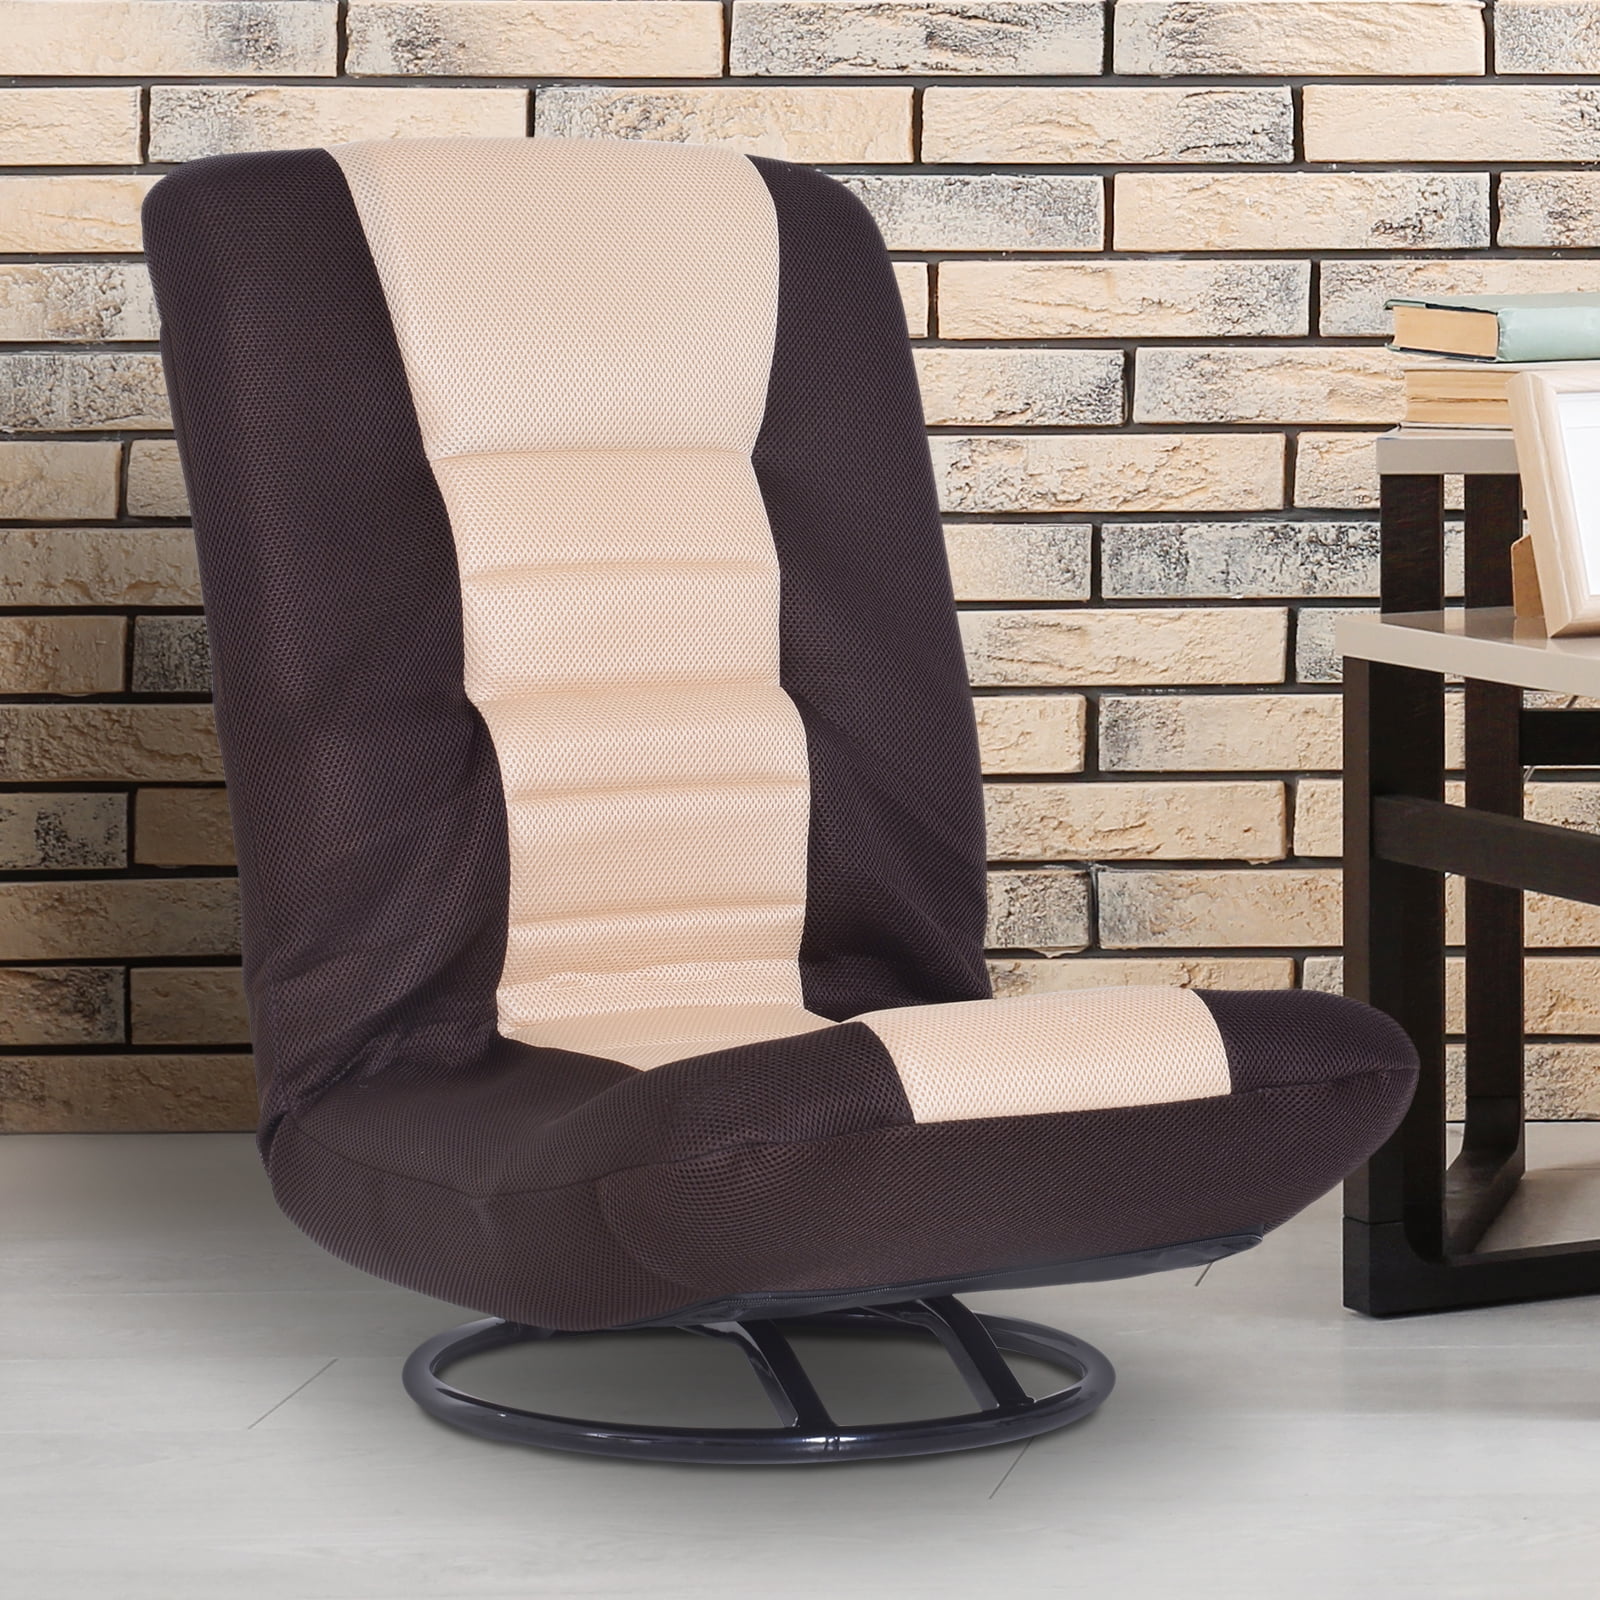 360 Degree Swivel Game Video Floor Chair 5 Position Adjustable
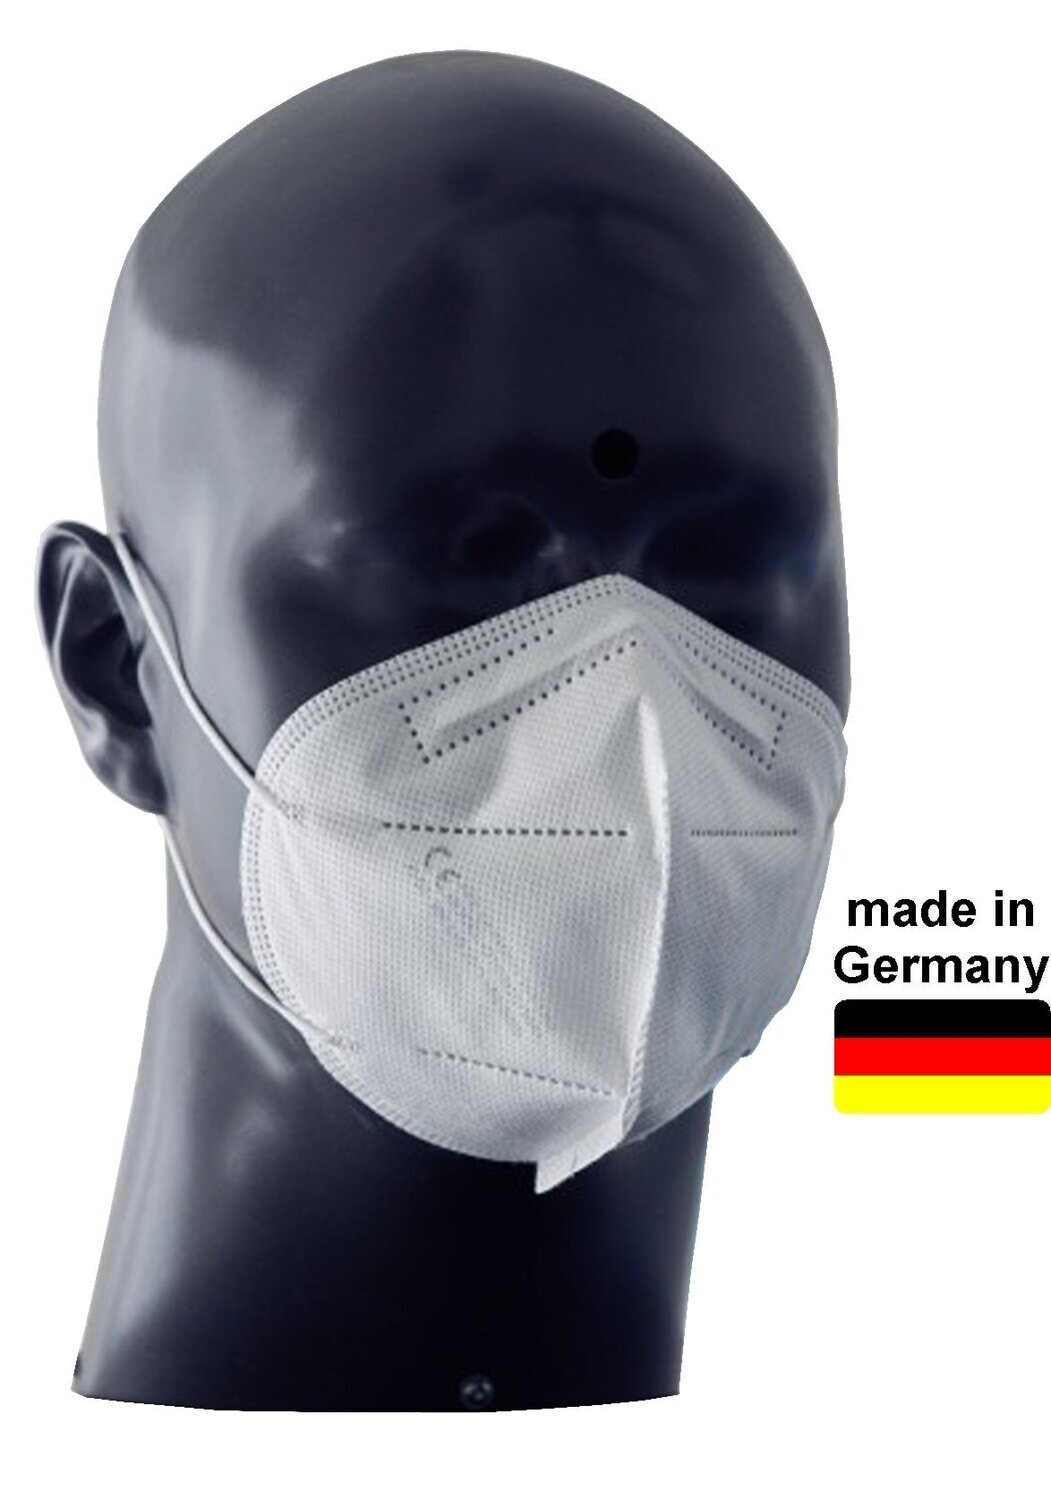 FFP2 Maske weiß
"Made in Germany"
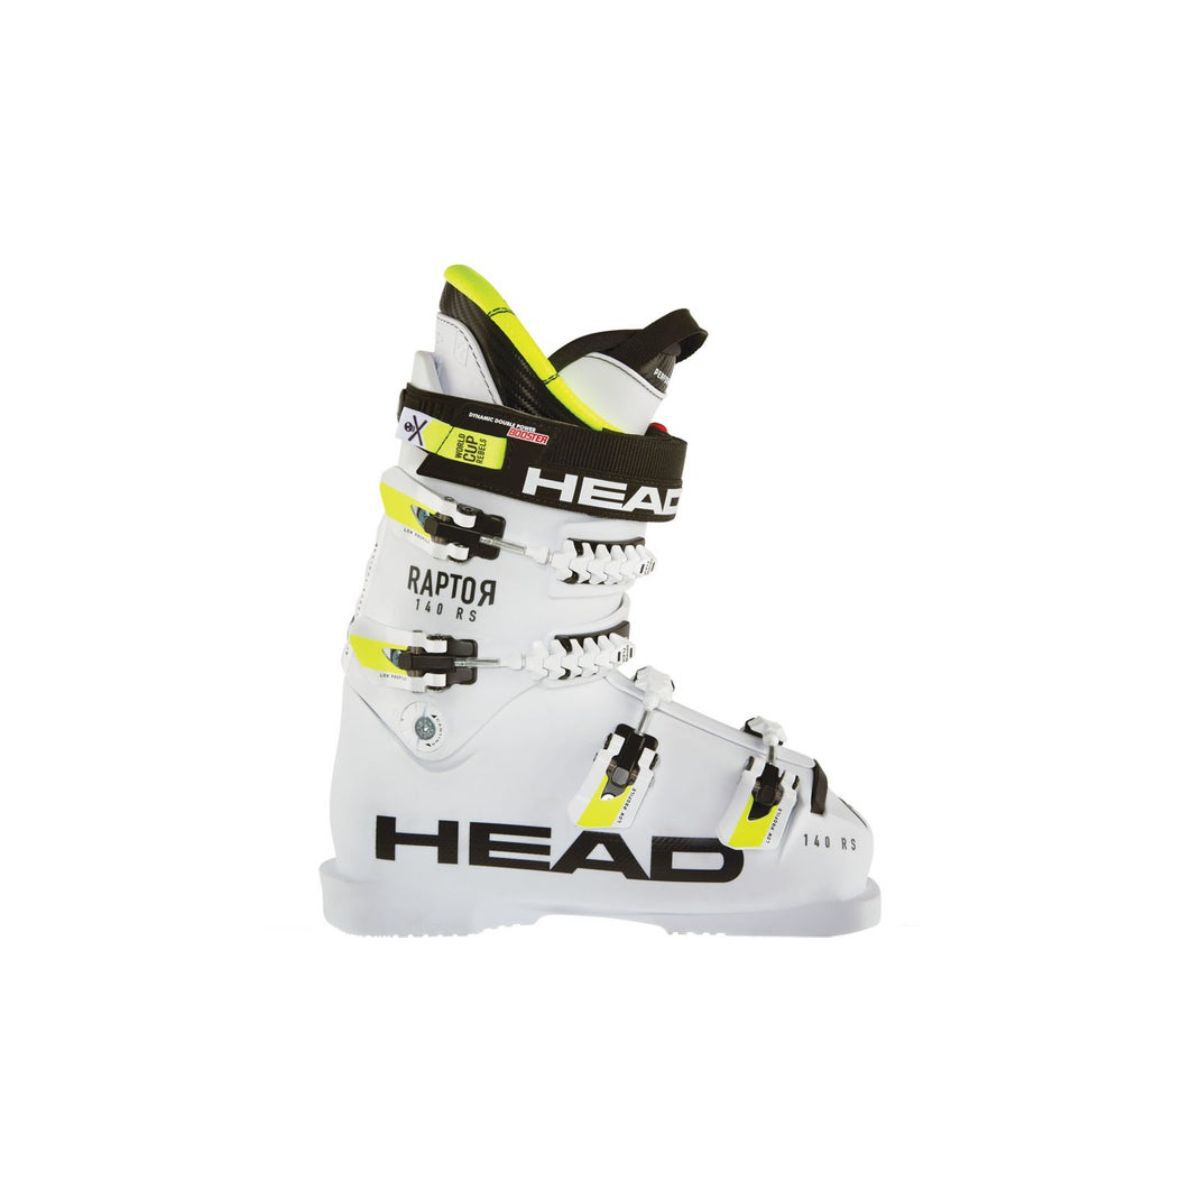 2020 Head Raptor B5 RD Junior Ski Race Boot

━━━━━━━━━━

__Task details__. Reproduce each line above precisely, with no pictures.

__Solution to the exercise__.
 360 Degree Swivel Game Video Floor Chair 5 Position Adjustable
 FFP2 Maske weiß
"Made in Germany"
 2020 Head Raptor B5 RD Junior Ski Race Boot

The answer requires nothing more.